时姝听见“偷”这个字加上自己的毛笔落入他人之手,不禁怒火中烧,她们就是再穷,也不会拿别人的一分一毫的。

况且时藜是少先队中队长,胳膊上带着是自己的荣誉,更不会做这种下三滥的事情。

被人诬陷偷钢笔就算了,课间,时姝发现王某还连带责任,故意坐在她的位置上,将她的书包扔在地上踩了又踩,还朝上面吐口水。

要不是因为她们是转学生,没有什么背景,加上单亲家庭,也不至于落到……

即使生活的这么不如意,时姝却没有一点想死的念头,选择像父亲一样闭上眼睛一了百了。

又或许是因为她根本就不懂死是什么,也不知道如何去死。

时姝那时候一心想要干一架,却又保持着清醒。想要躲开,却又躲不开。

“此树是我栽,此路是我开,要想从这过,留下买路财!黑化肥发灰会挥发,灰化肥挥发会发黑,黑化肥……”朱某开始了他碎碎念的绕口令,速度之快,基本上听不清,好像僧人念经似的。

他顺势身子往后一挪,挡住了时姝的去路。他故意半弓着腰,用右抵着后面的墙壁,左手拦在时姝面前,不留一点缝隙。

时姝举起拳头说他是脑残,要与他抗衡。

“说谁呢?我可是在地球上成长的赛亚人!除了我,就没有人能够打倒你了!越是这种危机的时候,我就越兴奋。”还盗用七龙珠的台词,时姝真是欲哭无泪,看着他那尖嘴猴腮的模样,她真想像忍者神龟一样勇猛,抽出长刀刺死他!

时姝咬牙切齿地说朱某脑子有病,却被忽略。

“既然你诚心诚意的请教了,我就大发慈悲的告诉你,为了防止世界被破坏,为了守护世界的和平,贯彻爱与真实的邪恶,可爱又迷人的反派角色,我,朱旭杰今天就告诉你——”

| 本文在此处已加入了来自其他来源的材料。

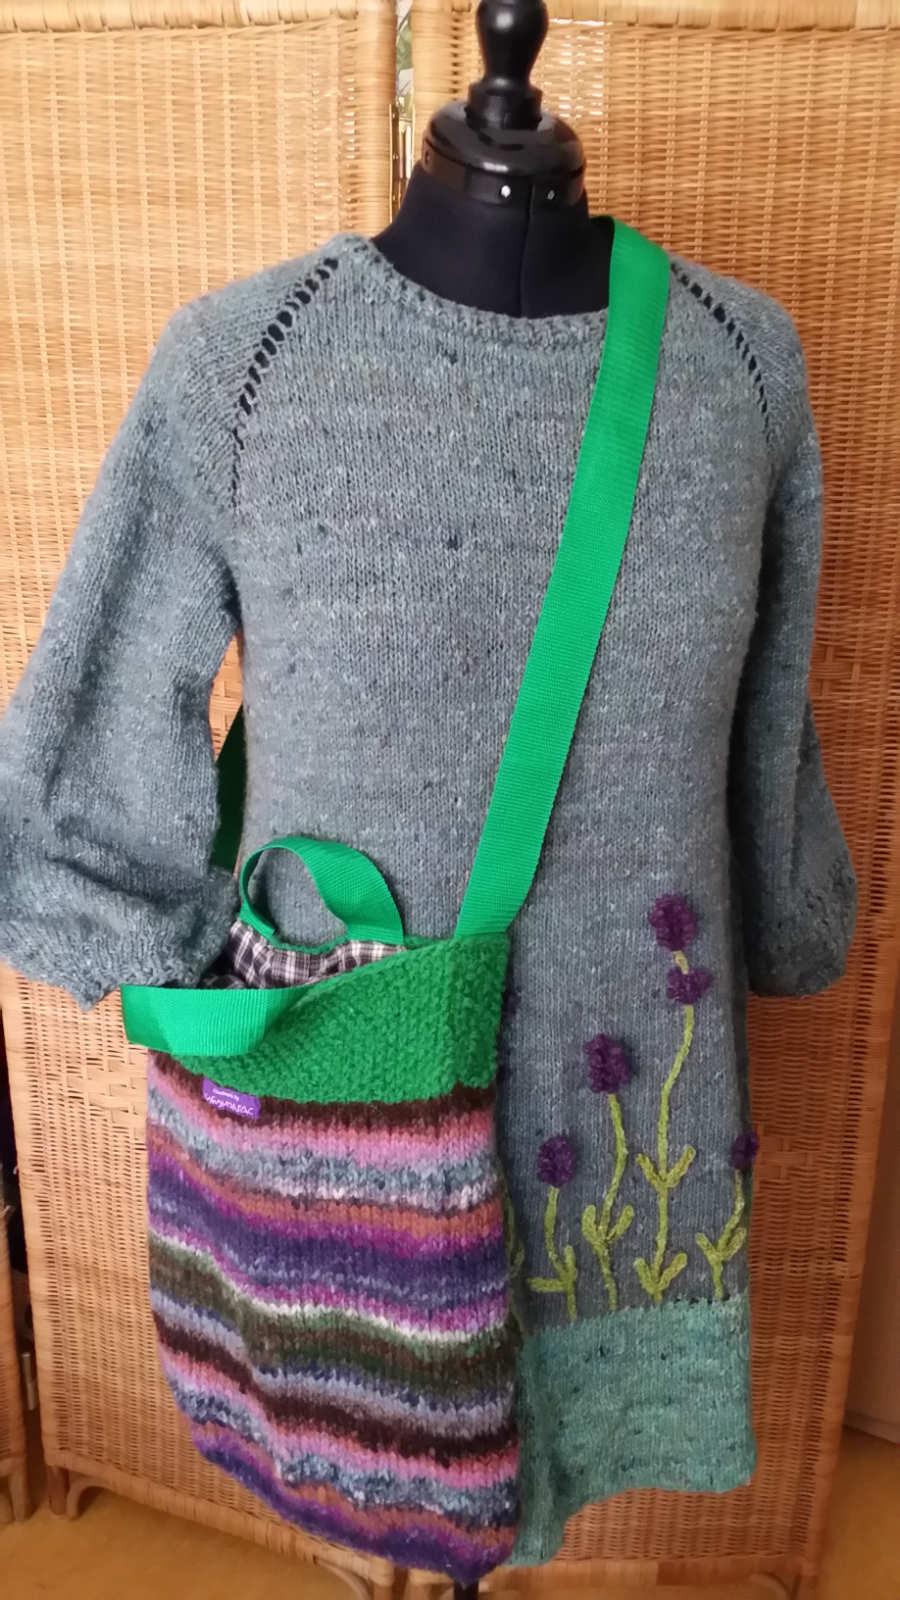 RVO Strickkleid Lavendel aus Noro Silk Garden Sock solo, hier mit gestrickter Tasche aus Noro Bachi und Noro Silk Garden Light solo. Foto: Noromaniac - Katrin Walter

朱旭杰大喘了口气,忽地转过头,小声地说,“你今天不把钢笔交出来,休想从这过!”

时姝微皱着眉头,听着奸诈的笑,怒气一下子冲了上来,憋在胸前。

“咱们过元旦,教室里面装饰的玩意都是大家凑钱买的,你可是一分钱没出,就一毛钱你妈都舍不得给你?”

朱某依旧在煽风点火,他不知道这些话从他嘴里说出来,对于一个心灵脆弱的女孩子来说是多么的伤人。

即便是恪守本分,也总被嘲笑。就因为穷吗?穷怎么了?穷就不配拥有更好的东西吗?穷就不配受到尊重吗?穷就应该受别人的欺负吗?

自带咬人功能的“天狗食月”已经不管用了,人身的耻辱让她更加愤恨,她掂起小腿,踩着大一码的鞋子,使出全身的劲对朱旭杰穷追不舍。

“听说你爸爸是跳水运动员?蛙泳冠军?”

前面传来的阵阵呼声伴着断断续续的嘲讽,如破扫帚扫垃圾似的将时姝从头到脚扫过,刮得脸生疼,让她不得已止住了步伐。

她摆动着双臂,握紧了拳头,大声嚎着,“什么?你说什么?姓‘猪’的!你再说一遍?”

“没爸爸的孩子!跳水运动员!”朱旭杰边跑边转过身子,充满恶意地吐着舌头,倒退着扮着鬼脸。

“时姝骂骂咧咧,指定又是哪个嘴毒的妇人跟她们的传家宝儿子言传身教,说她们的爸爸是跳井死的。

“死贱人?我是死贱人,你爸是死人!还跳水运动员呢!哦,不对,是跳井的青蛙,呱呱,井底之蛙~”朱旭杰更加挑衅地学了几声蛙叫,还在地上蹦了一圈。表演完,又加快脚步向更远的地方跑去。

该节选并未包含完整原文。